# [The task]
Without changing a thing, reproduce the entire listing and leave out its pictures.

# [The data]
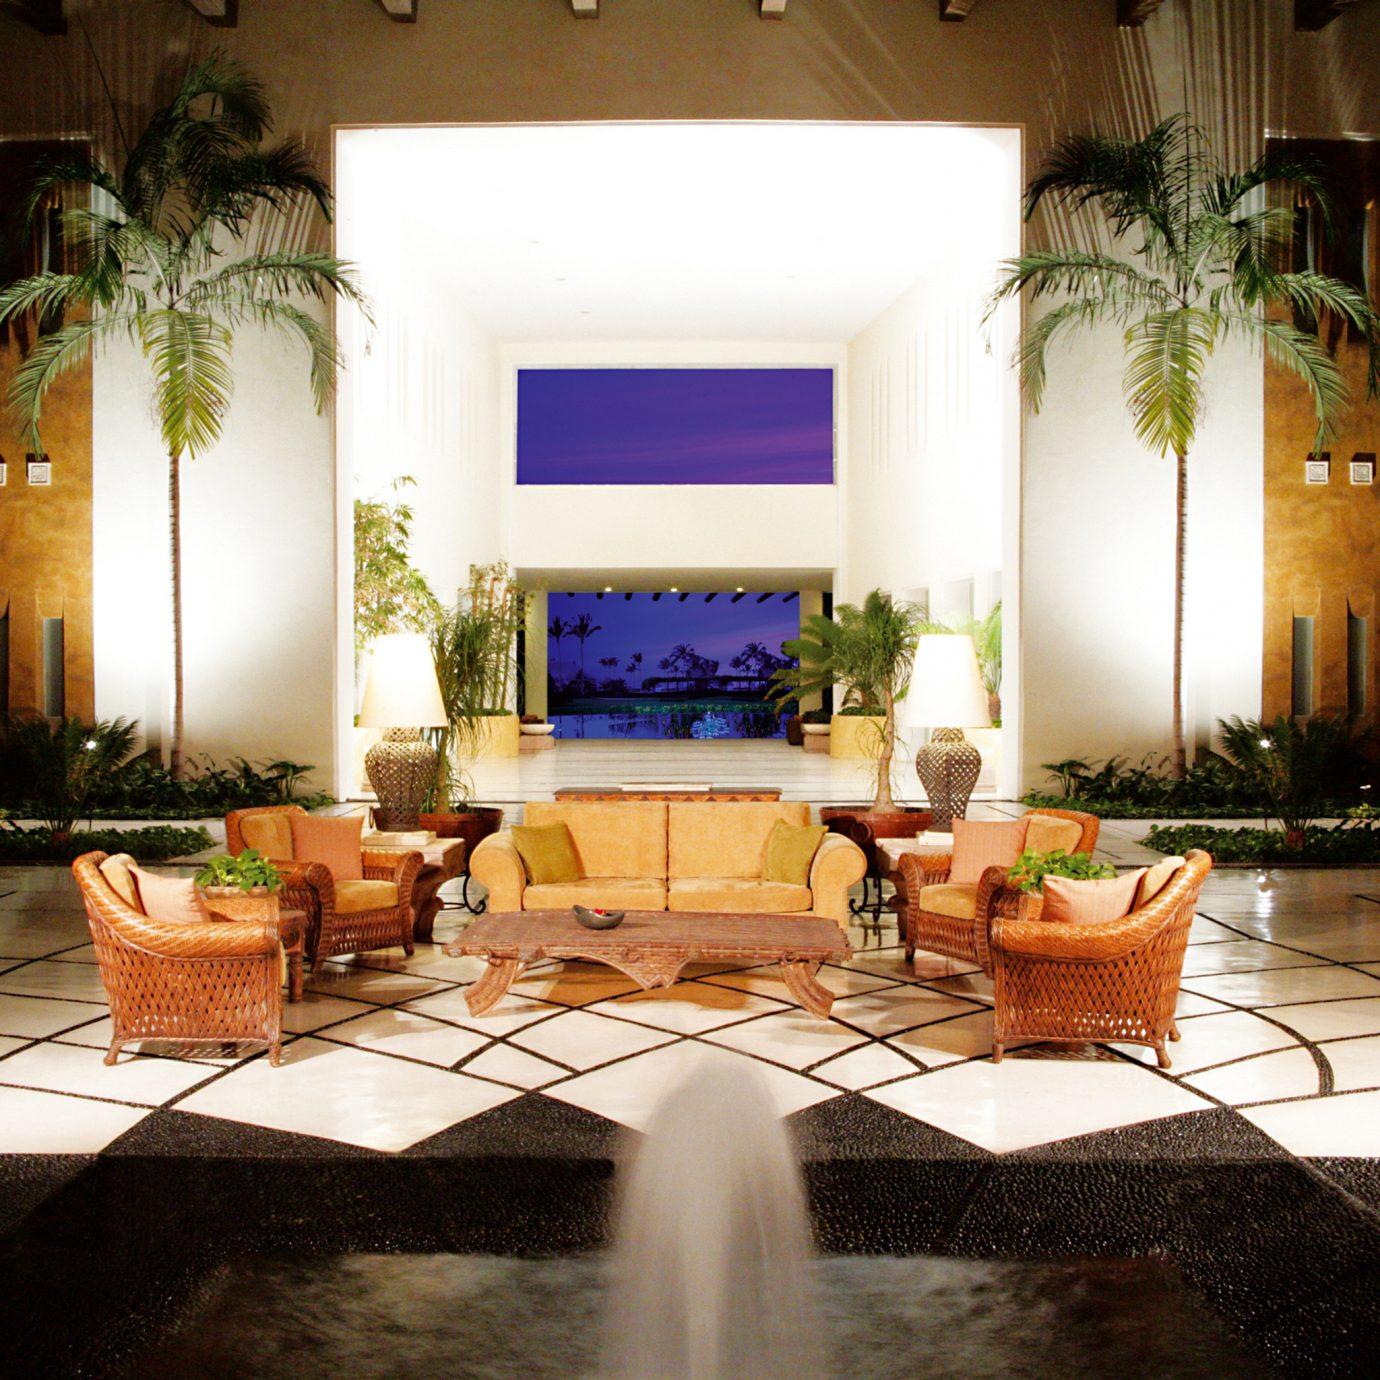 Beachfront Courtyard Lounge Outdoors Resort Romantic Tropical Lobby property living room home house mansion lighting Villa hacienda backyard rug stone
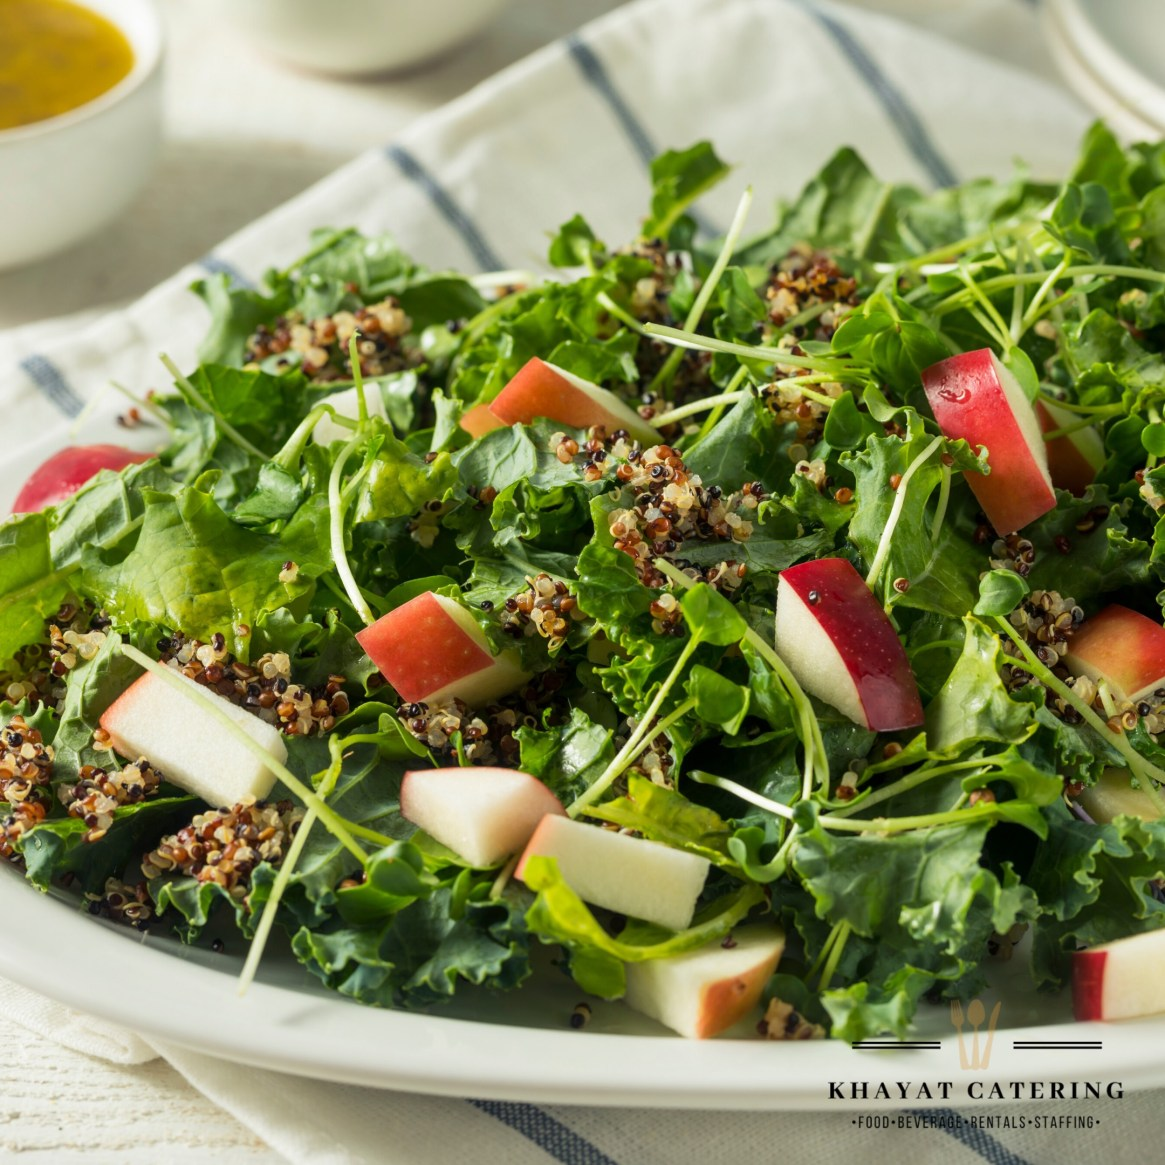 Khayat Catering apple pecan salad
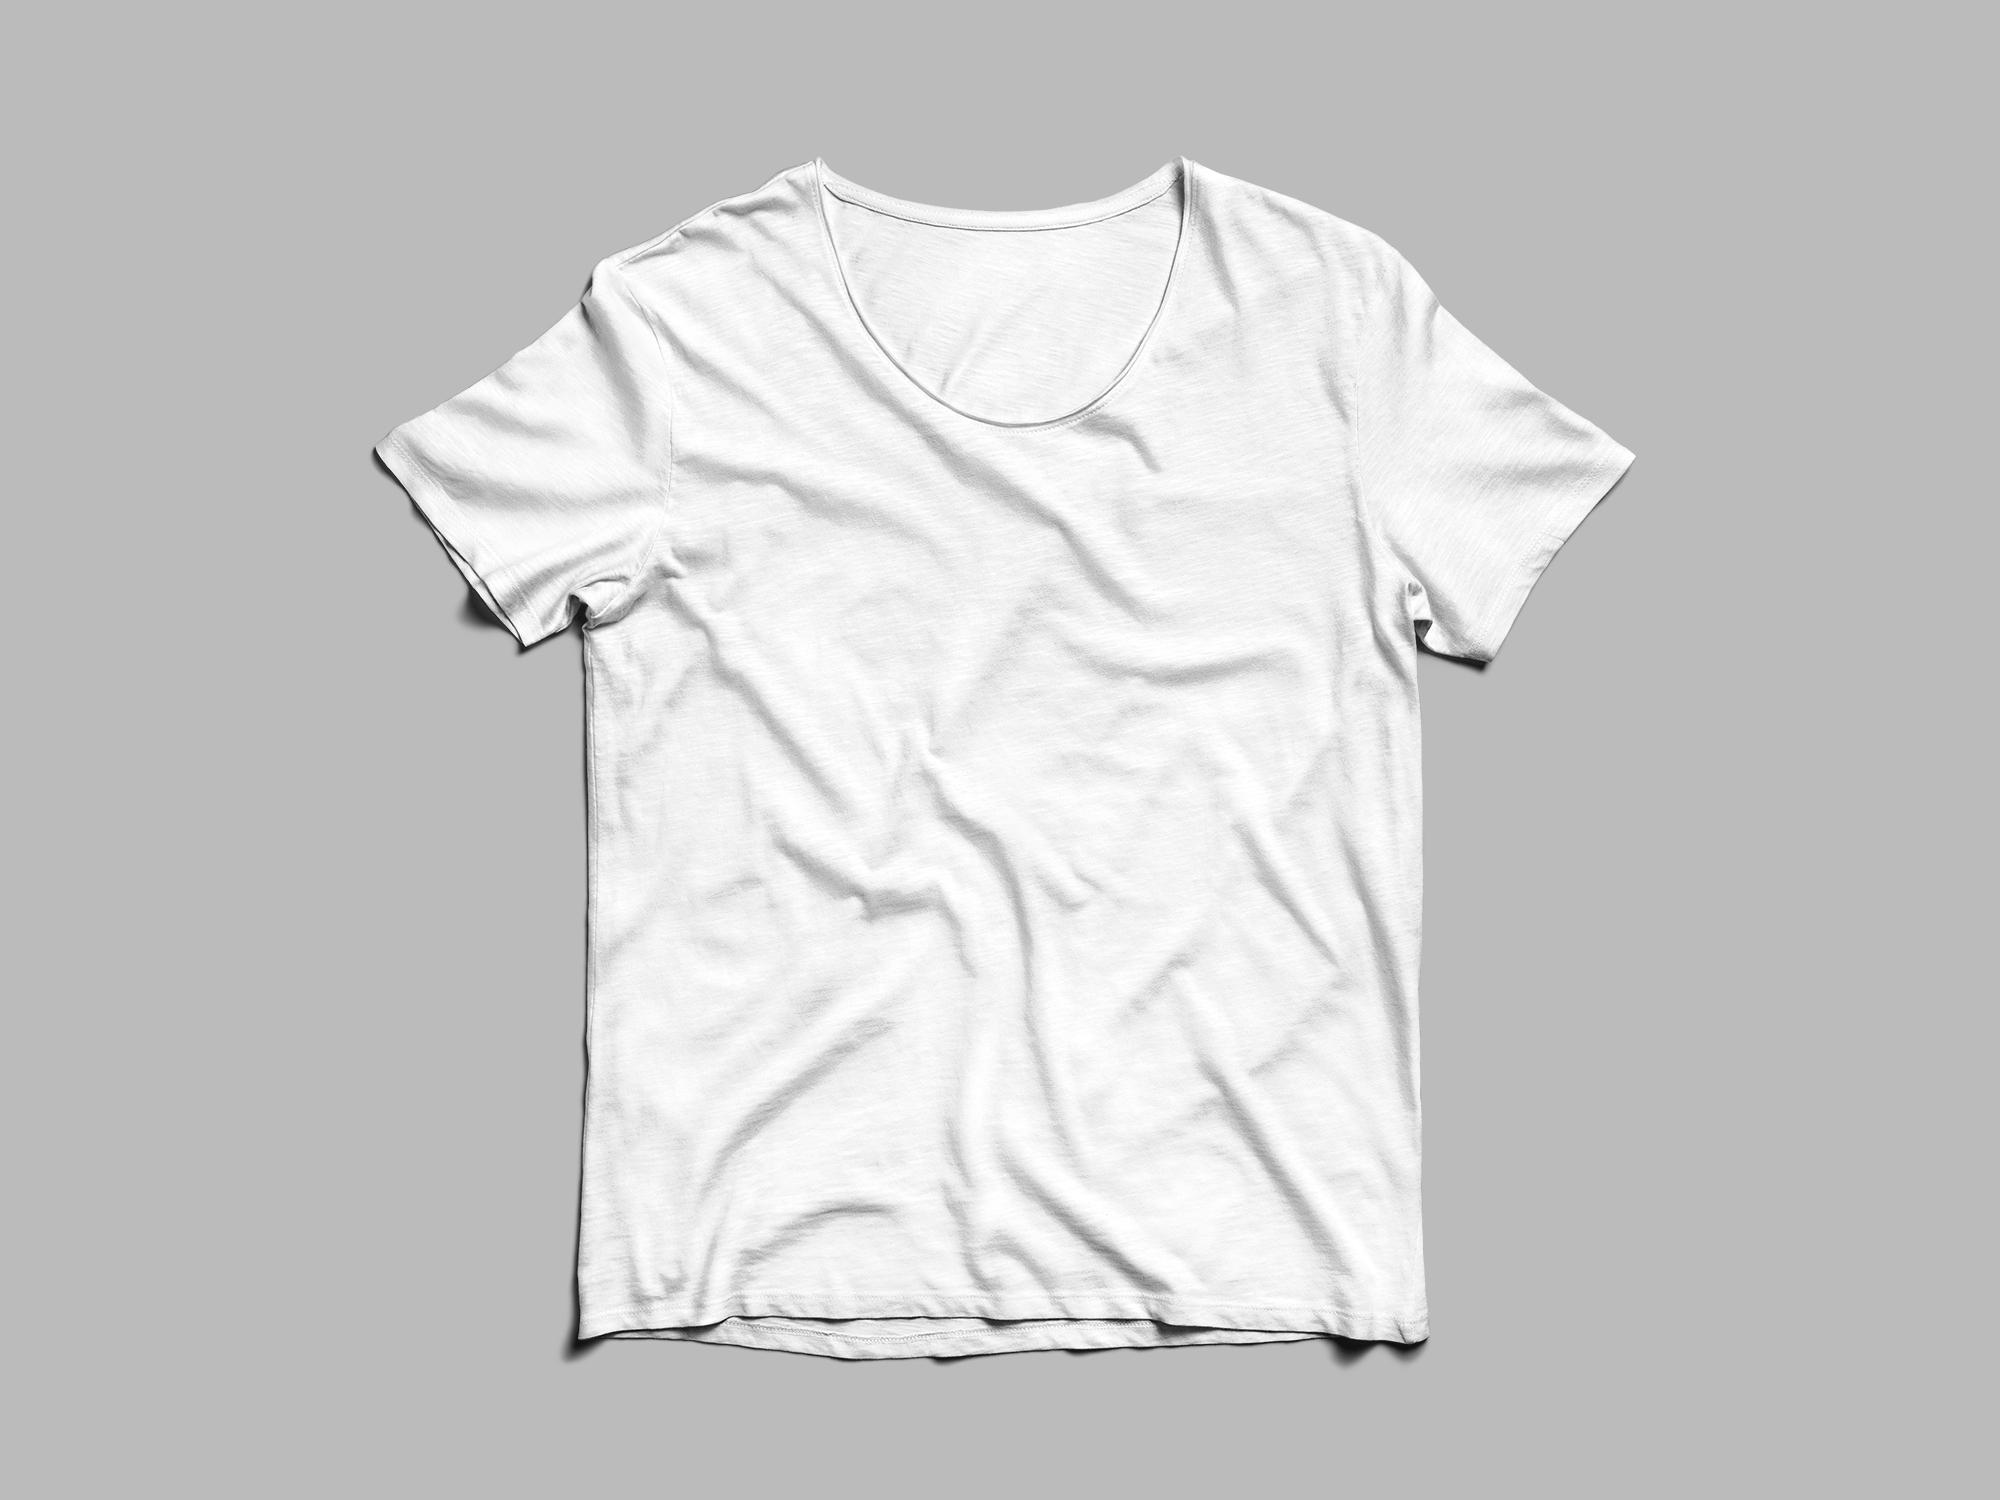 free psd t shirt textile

# [Answer space]
 Beachfront Courtyard Lounge Outdoors Resort Romantic Tropical Lobby property living room home house mansion lighting Villa hacienda backyard rug stone
 Khayat Catering apple pecan salad
 free psd t shirt textile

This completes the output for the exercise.